(Material provided)
┌────────

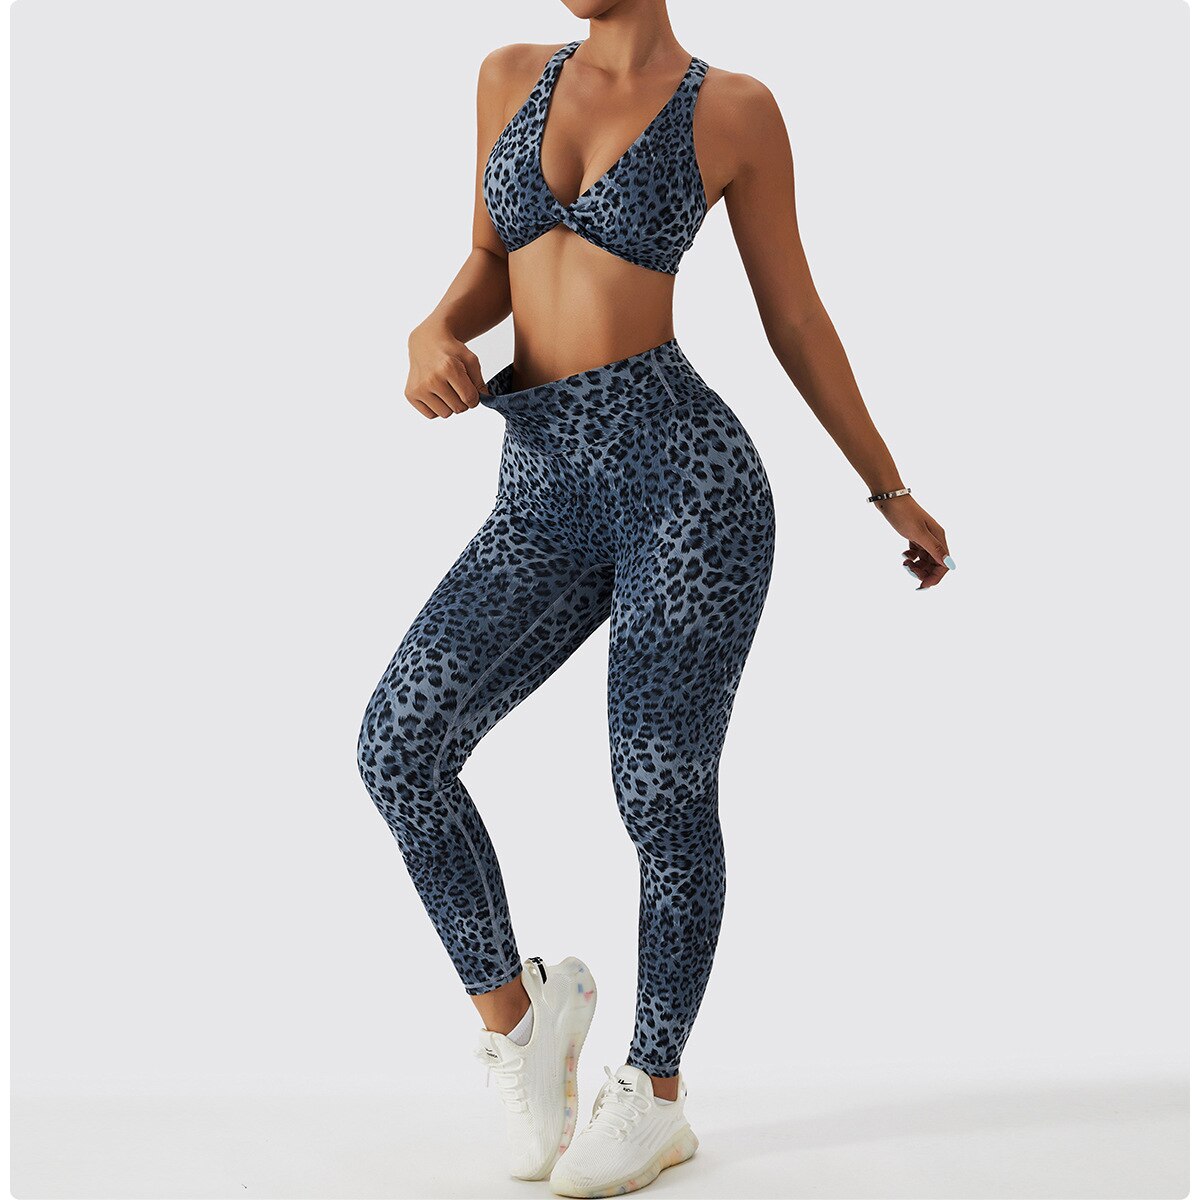 Leopard-Yoga-Clothing-Sets-Women-High-Waist-Leggings-And-Top-Two-Piece-Set-Seamless-Tracksuit-Fitness-1
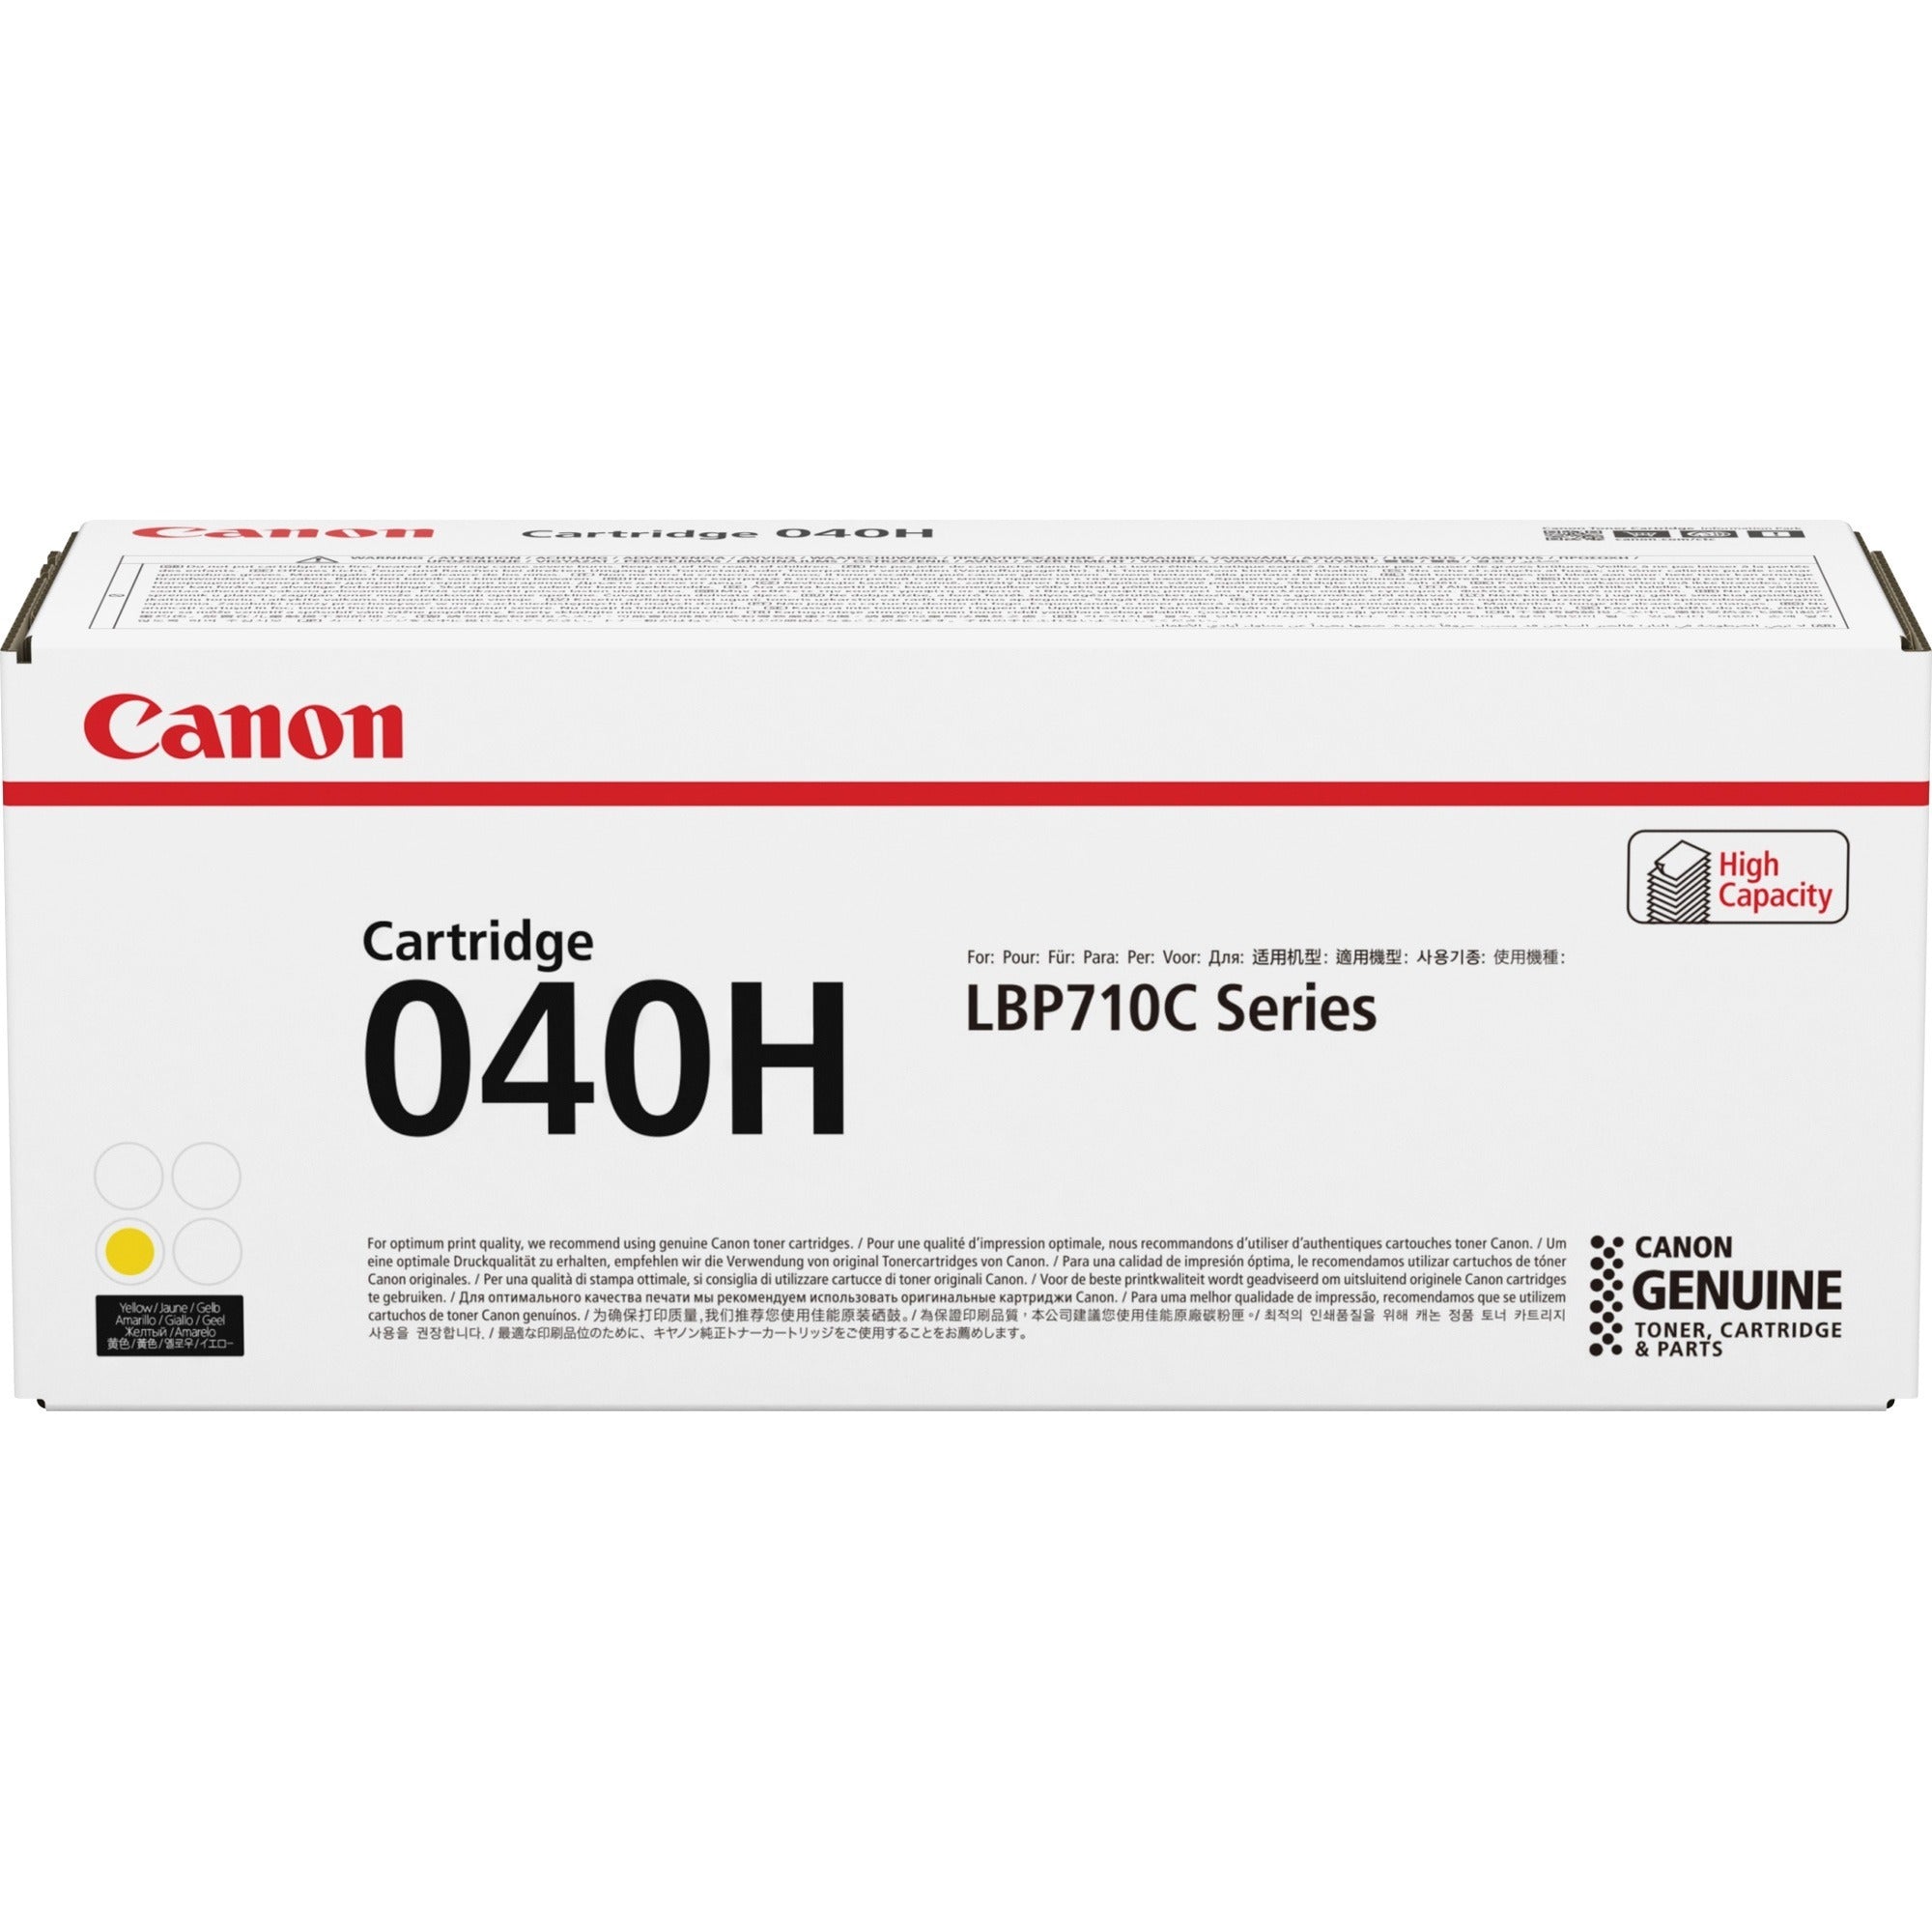 canon-toner-cartridge-laser-high-yield-10000-pages-yellow-1-each_cnmcrtdg040hy - 1
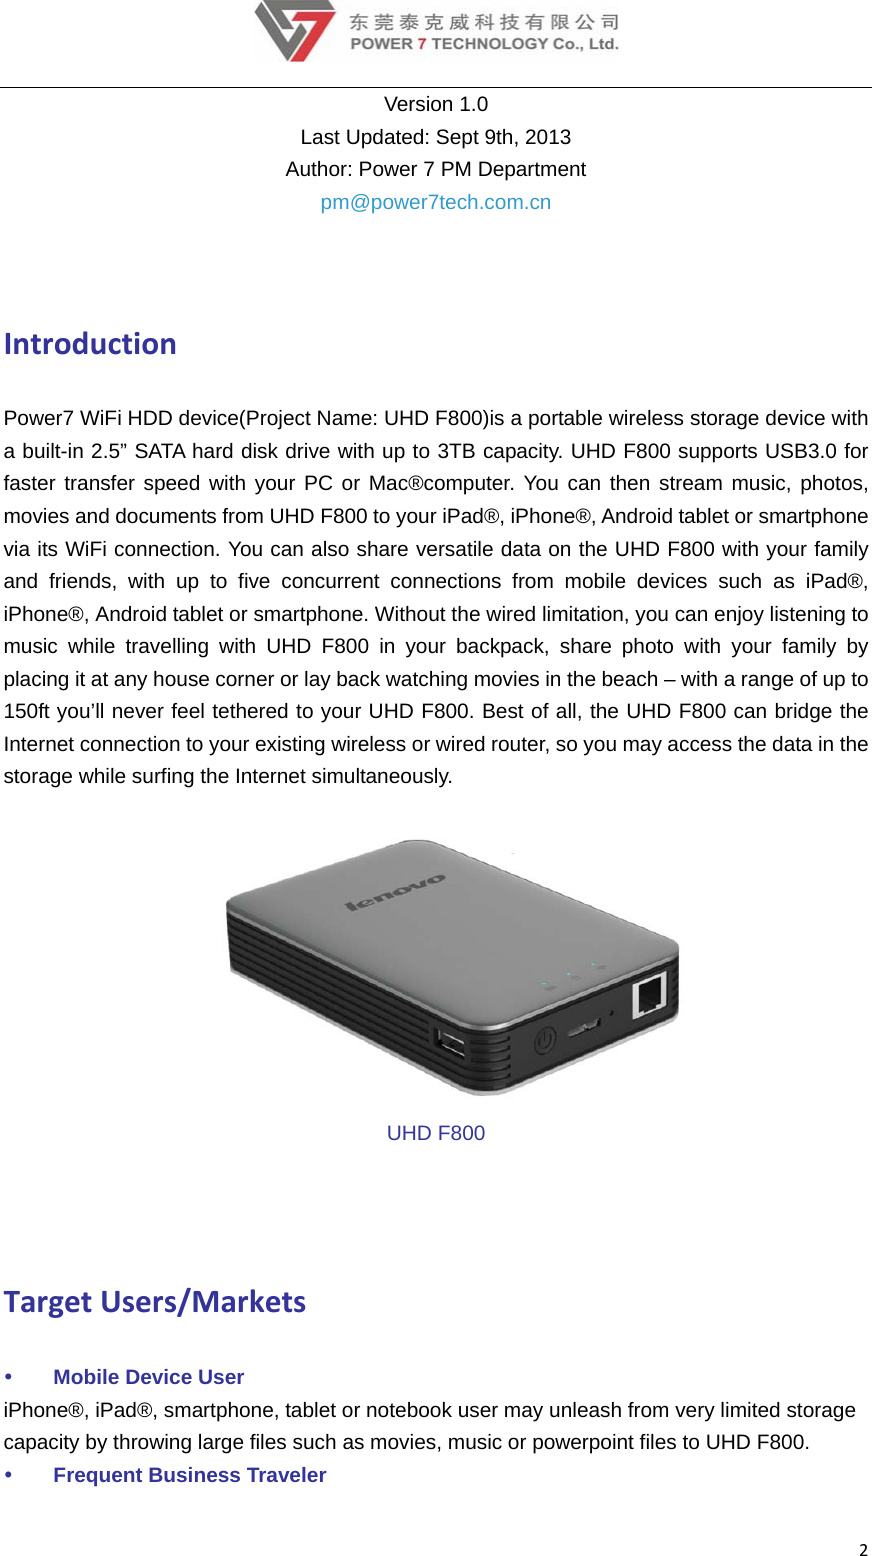 2Version 1.0 Last Updated: Sept 9th, 2013 Author: Power 7 PM Department pm@power7tech.com.cn  IntroductionPower7 WiFi HDD device(Project Name: UHD F800)is a portable wireless storage device with a built-in 2.5” SATA hard disk drive with up to 3TB capacity. UHD F800 supports USB3.0 for faster transfer speed with your PC or Mac®computer. You can then stream music, photos, movies and documents from UHD F800 to your iPad®, iPhone®, Android tablet or smartphone via its WiFi connection. You can also share versatile data on the UHD F800 with your family and friends, with up to five concurrent connections from mobile devices such as iPad®, iPhone®, Android tablet or smartphone. Without the wired limitation, you can enjoy listening to music while travelling with UHD F800 in your backpack, share photo with your family by placing it at any house corner or lay back watching movies in the beach – with a range of up to 150ft you’ll never feel tethered to your UHD F800. Best of all, the UHD F800 can bridge the Internet connection to your existing wireless or wired router, so you may access the data in the storage while surfing the Internet simultaneously.  UHD F800 TargetUsers/Markets Mobile Device User iPhone®, iPad®, smartphone, tablet or notebook user may unleash from very limited storage capacity by throwing large files such as movies, music or powerpoint files to UHD F800.  Frequent Business Traveler

└────────

(What to produce) Please reproduce each line of the listing above exactly, skipping pictures.

(Answer to the problem)
 Leopard-Yoga-Clothing-Sets-Women-High-Waist-Leggings-And-Top-Two-Piece-Set-Seamless-Tracksuit-Fitness-1
 canon-toner-cartridge-laser-high-yield-10000-pages-yellow-1-each_cnmcrtdg040hy - 1
 2Version 1.0 Last Updated: Sept 9th, 2013 Author: Power 7 PM Department pm@power7tech.com.cn  IntroductionPower7 WiFi HDD device(Project Name: UHD F800)is a portable wireless storage device with a built-in 2.5” SATA hard disk drive with up to 3TB capacity. UHD F800 supports USB3.0 for faster transfer speed with your PC or Mac®computer. You can then stream music, photos, movies and documents from UHD F800 to your iPad®, iPhone®, Android tablet or smartphone via its WiFi connection. You can also share versatile data on the UHD F800 with your family and friends, with up to five concurrent connections from mobile devices such as iPad®, iPhone®, Android tablet or smartphone. Without the wired limitation, you can enjoy listening to music while travelling with UHD F800 in your backpack, share photo with your family by placing it at any house corner or lay back watching movies in the beach – with a range of up to 150ft you’ll never feel tethered to your UHD F800. Best of all, the UHD F800 can bridge the Internet connection to your existing wireless or wired router, so you may access the data in the storage while surfing the Internet simultaneously.  UHD F800 TargetUsers/Markets Mobile Device User iPhone®, iPad®, smartphone, tablet or notebook user may unleash from very limited storage capacity by throwing large files such as movies, music or powerpoint files to UHD F800.  Frequent Business Traveler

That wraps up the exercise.